=== Section Start ===
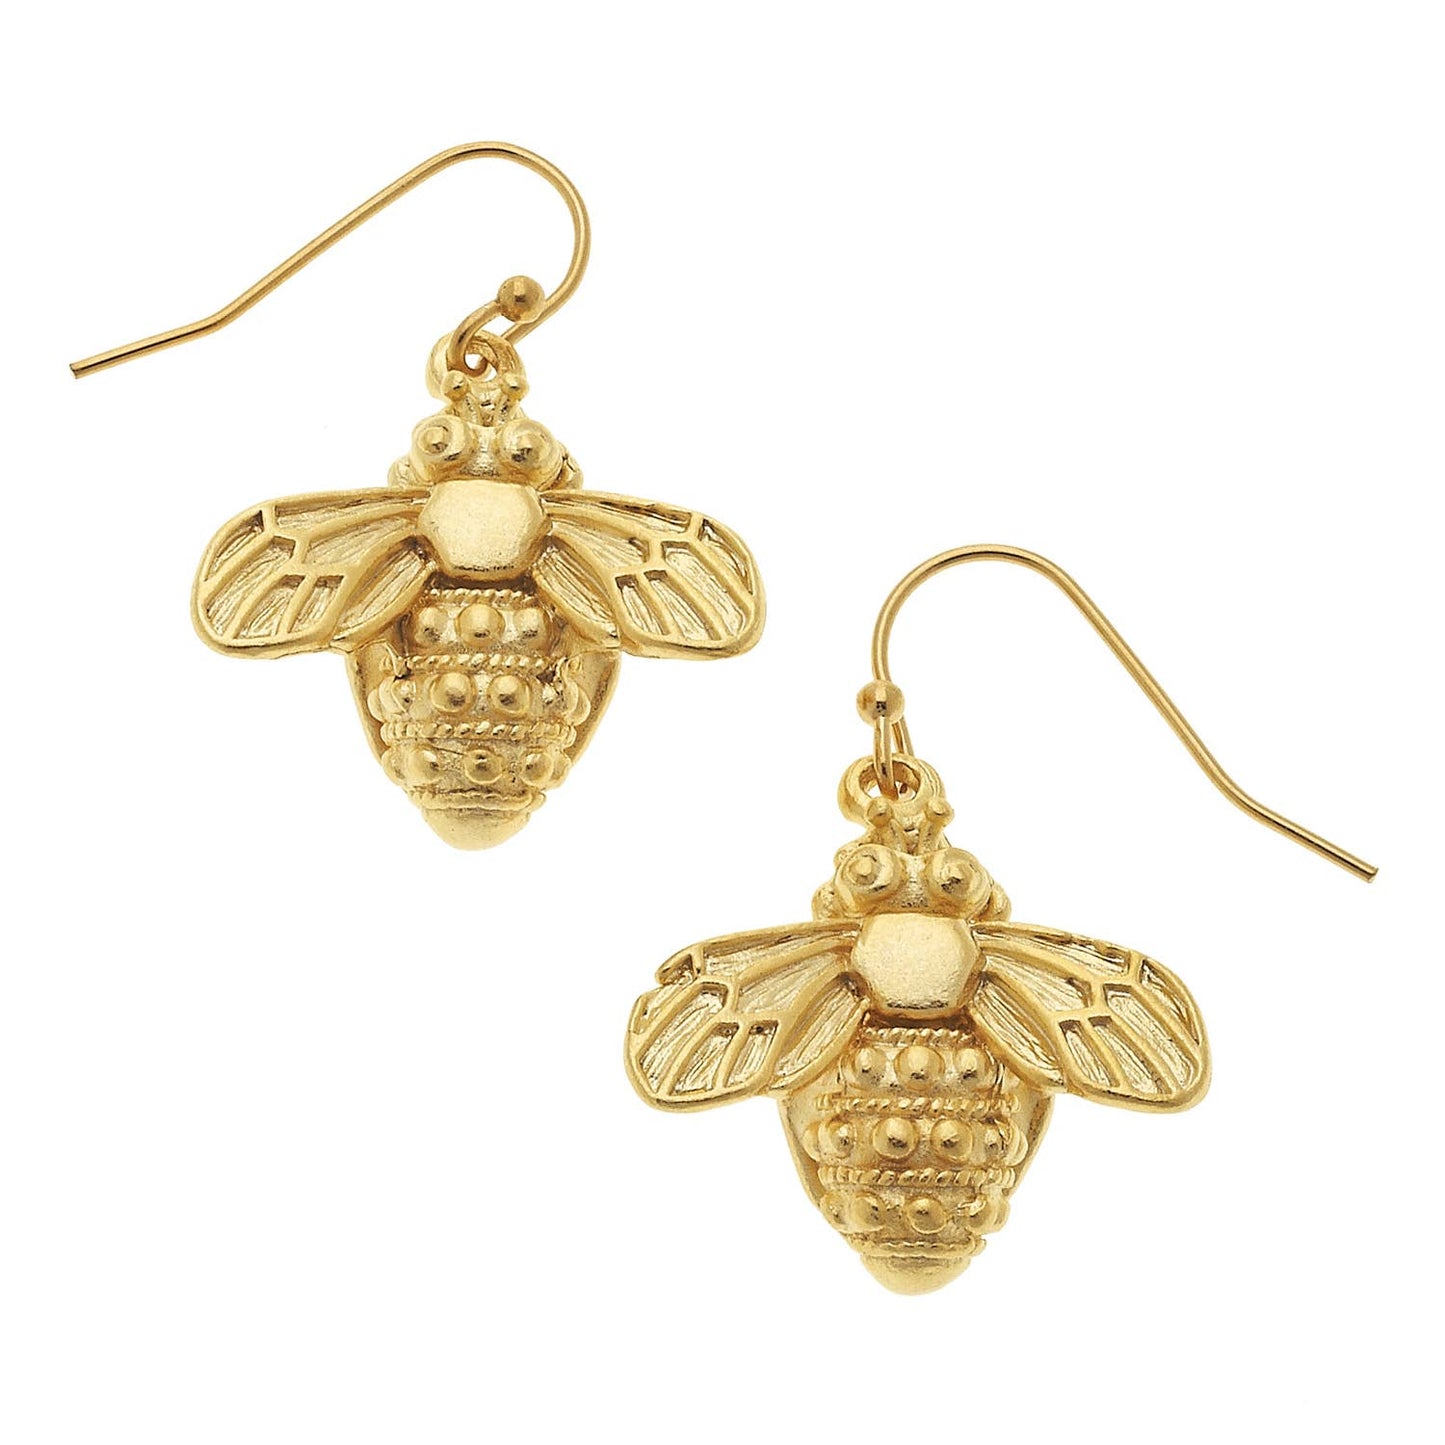 Bee Dangle Earrings
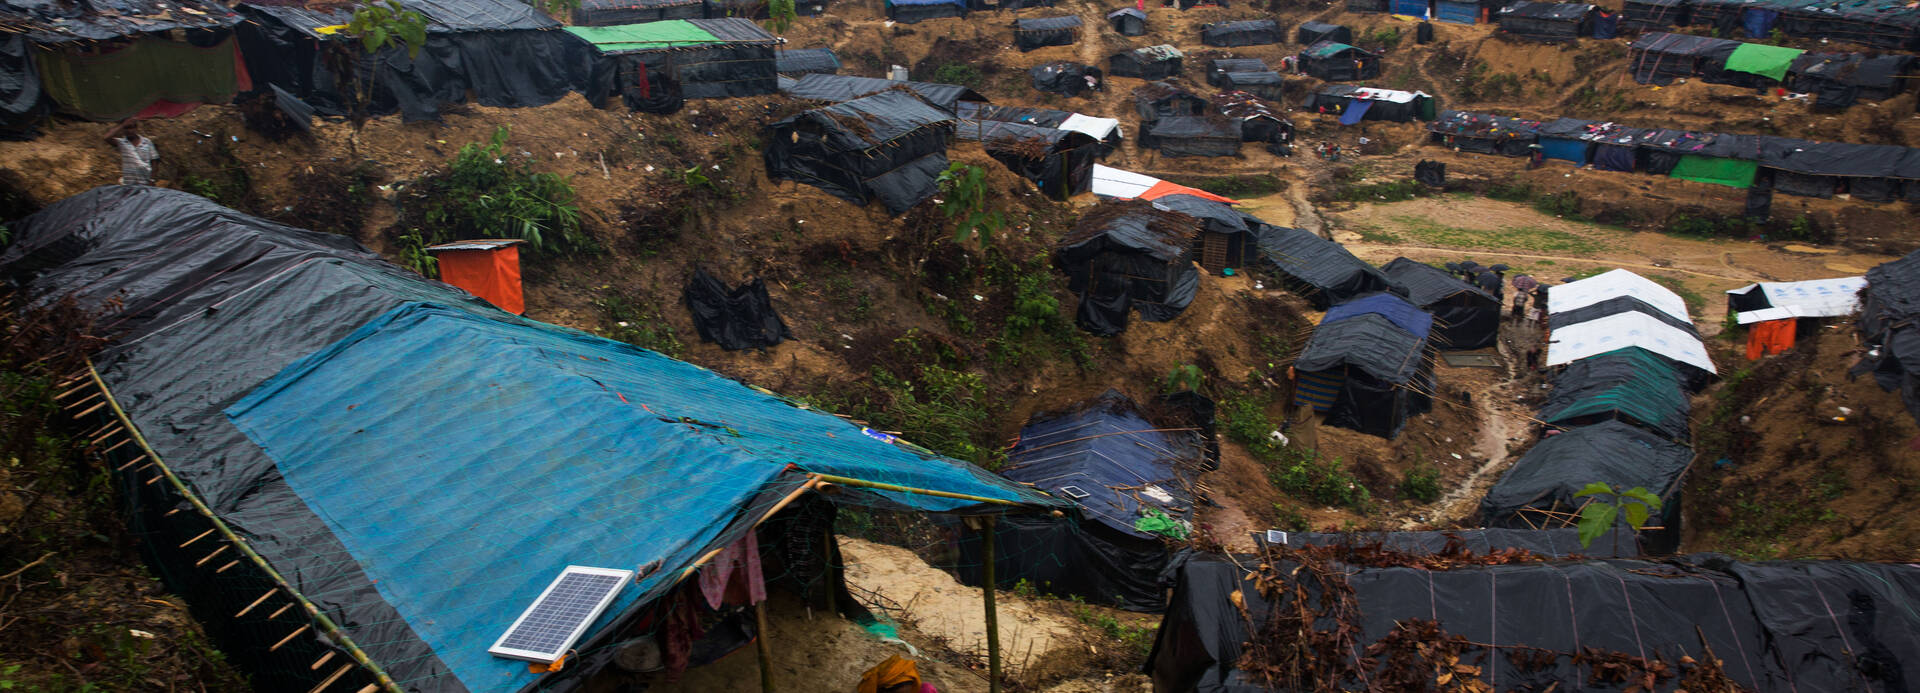 Geflüchtetencamp der Rohingya in Bangladesch
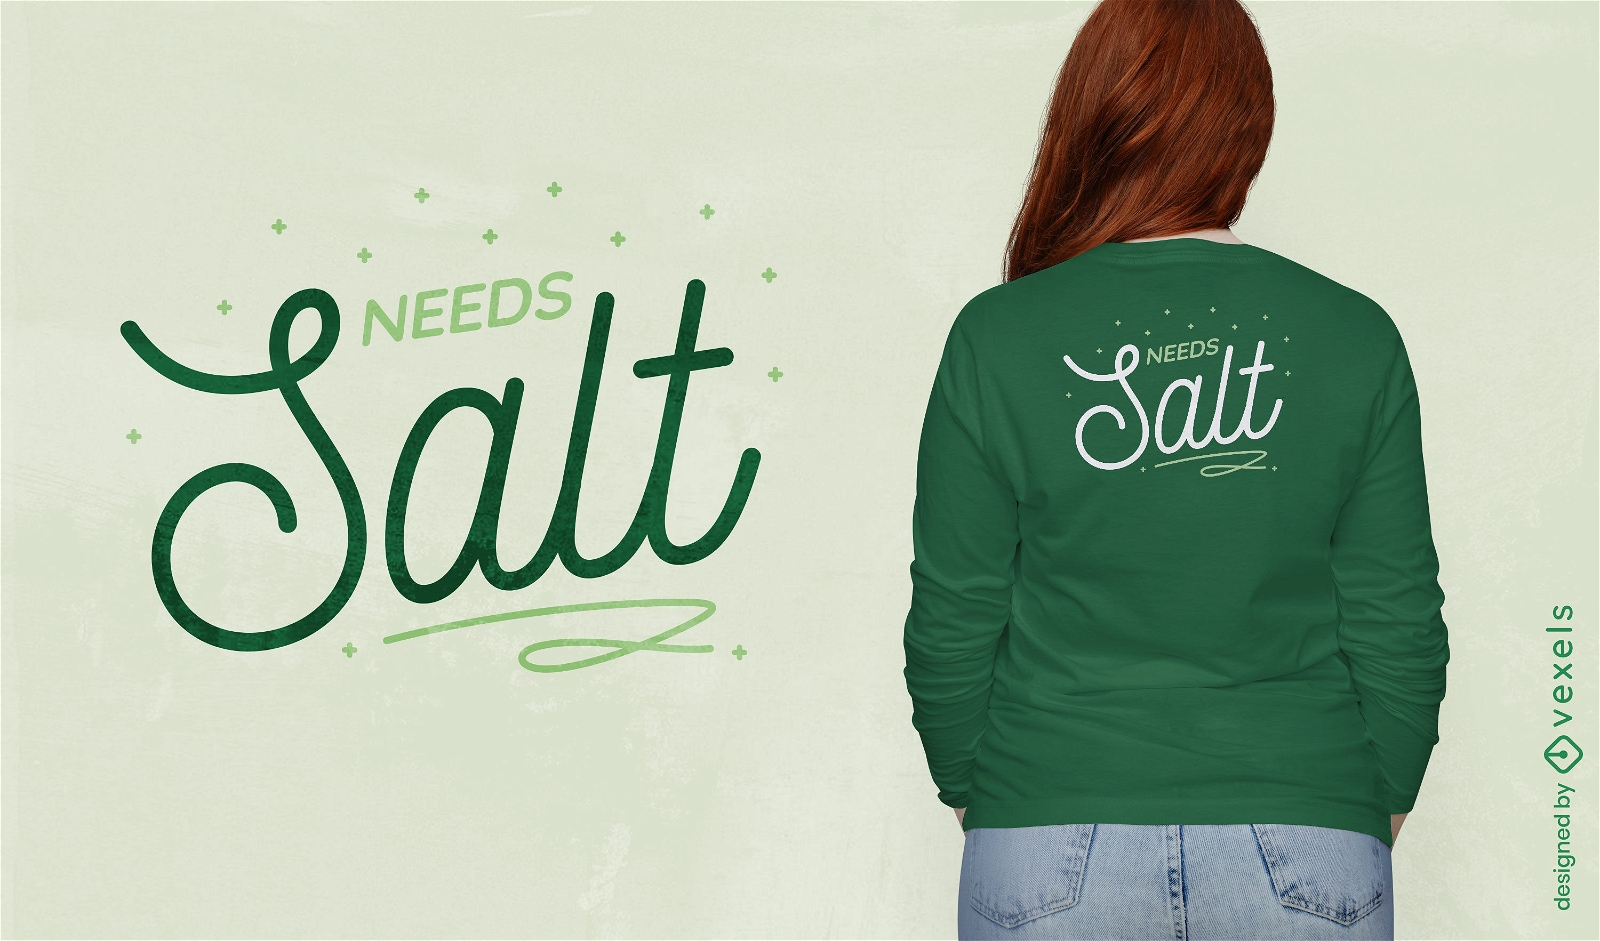 Ben?tigt Salz, das Zitat-T-Shirt-Design kocht
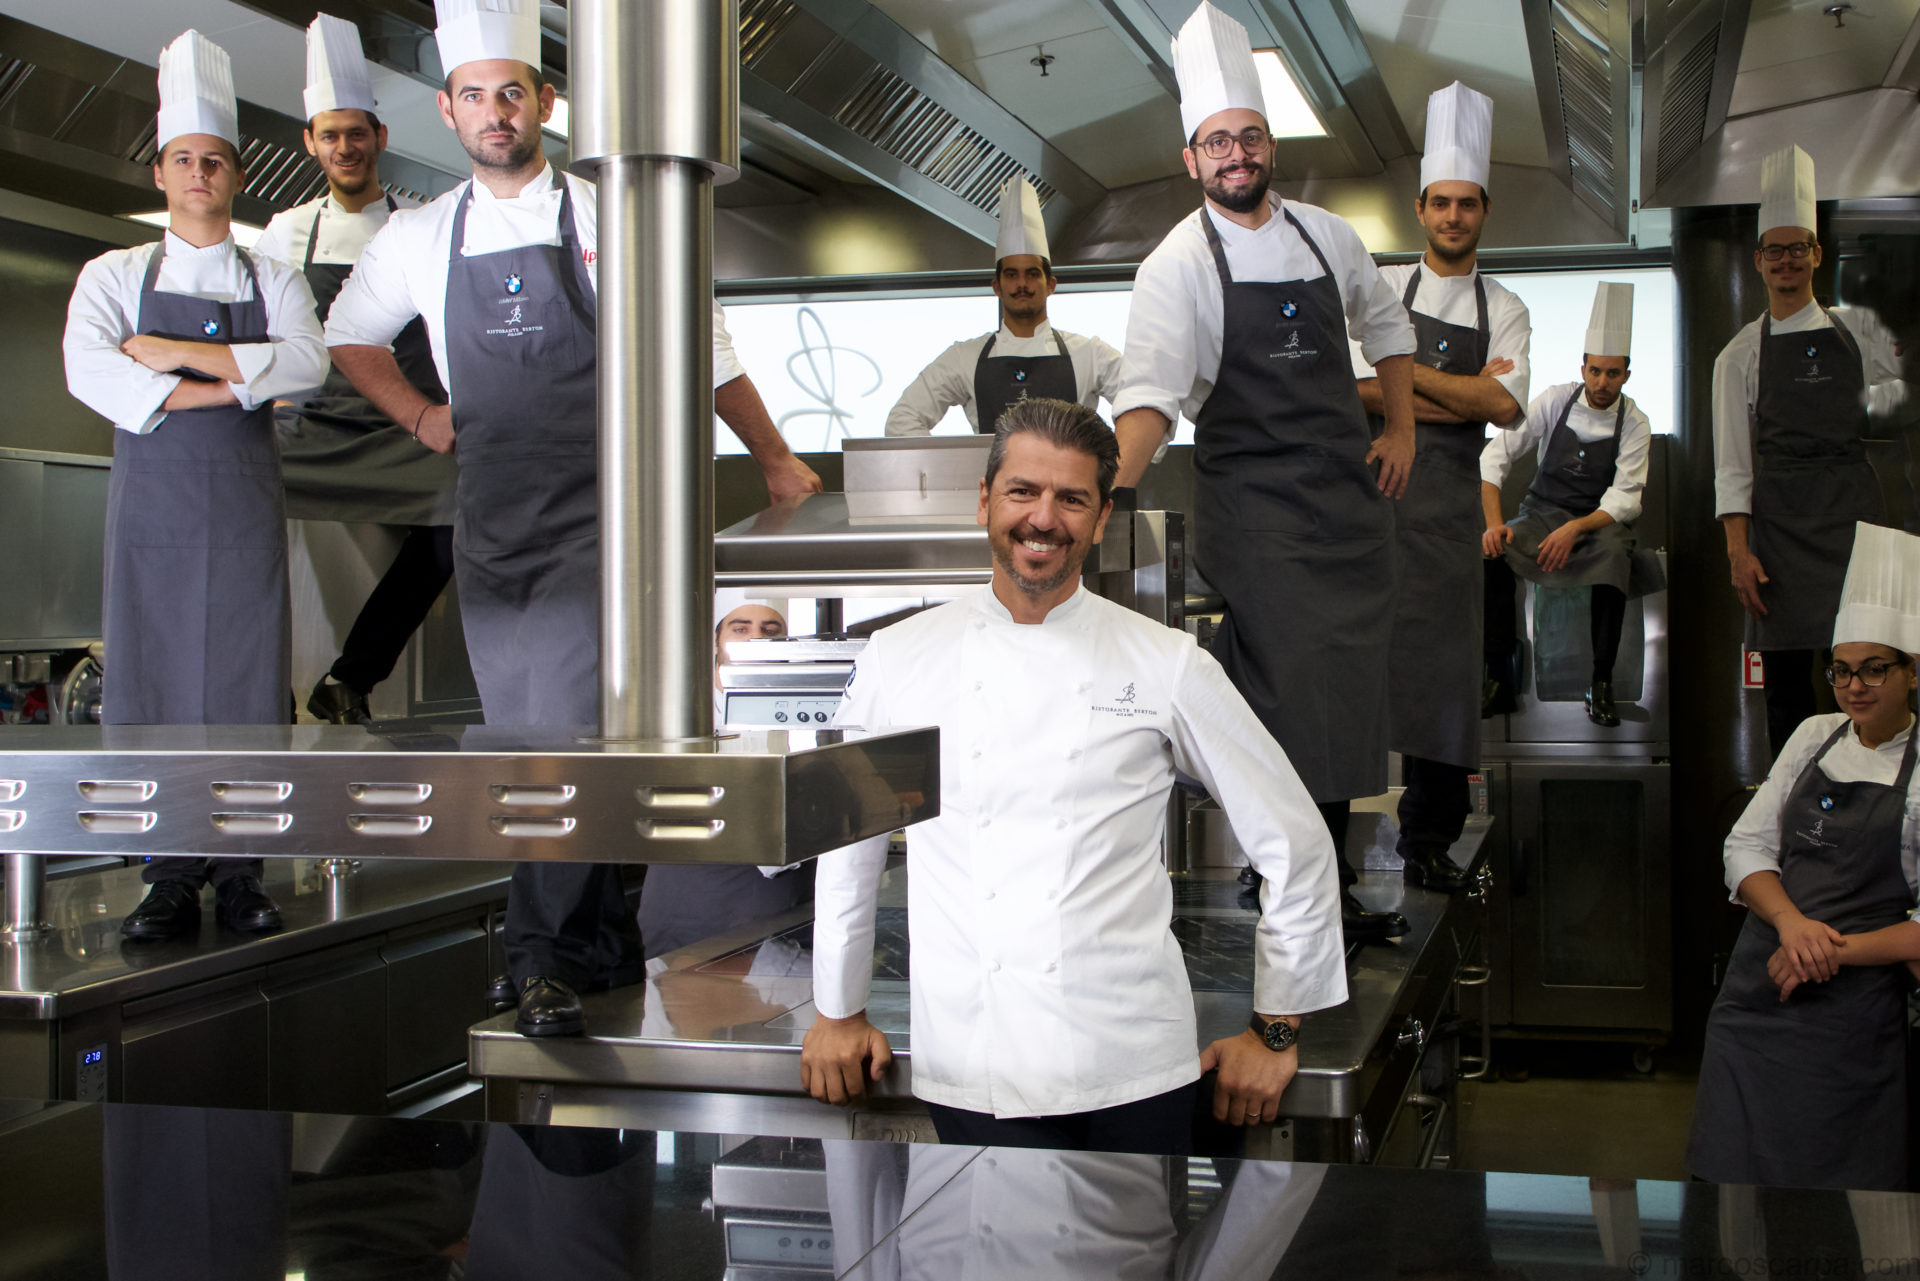 Tutti a scuola di cucina con lo chef stellato Andrea Berton!
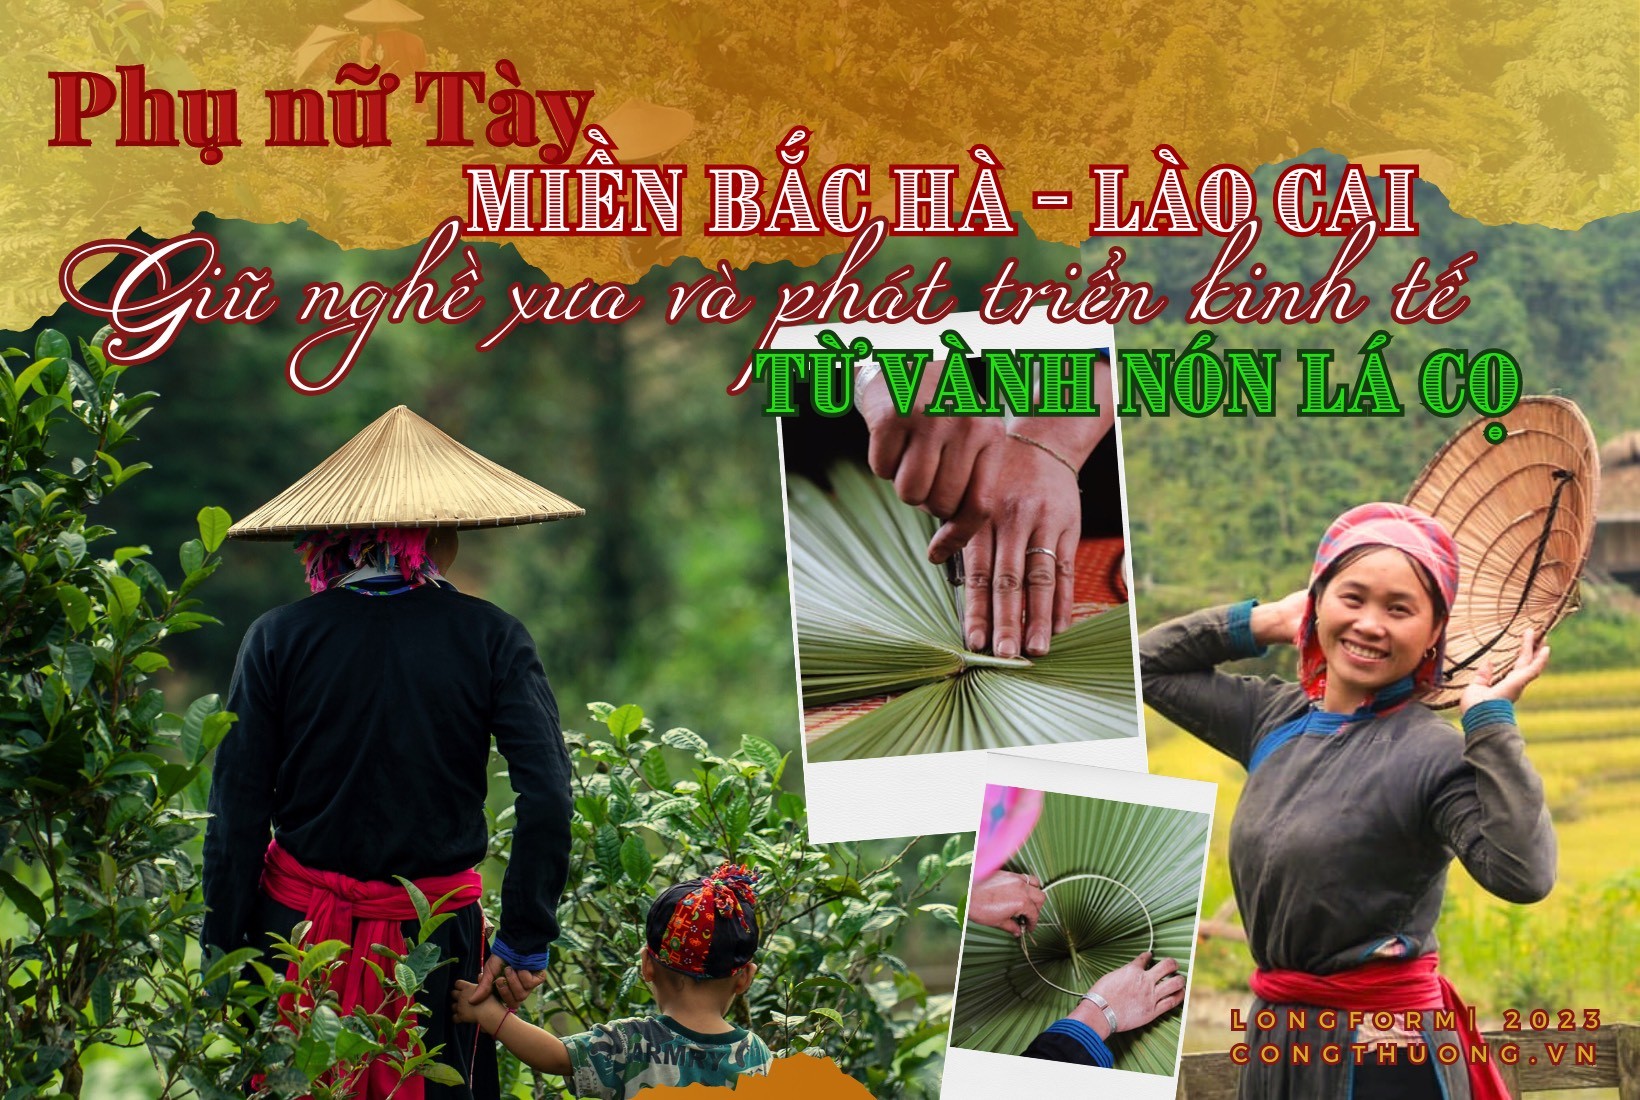 Longform | Phụ nữ Tày miền Bắc Hà- Lào Cai: Giữ nghề xưa, phát triển kinh tế từ vành nón lá cọ
=== Section End ===
(Task prompt):
Write out the listing again word for word, but without its pictures.

(Problem solution):
 Bee Dangle Earrings
 Geflüchtetencamp der Rohingya in Bangladesch
 Ben?tigt Salz, das Zitat-T-Shirt-Design kocht
 Tutti a scuola di cucina con lo chef stellato Andrea Berton!
 Longform | Phụ nữ Tày miền Bắc Hà- Lào Cai: Giữ nghề xưa, phát triển kinh tế từ vành nón lá cọ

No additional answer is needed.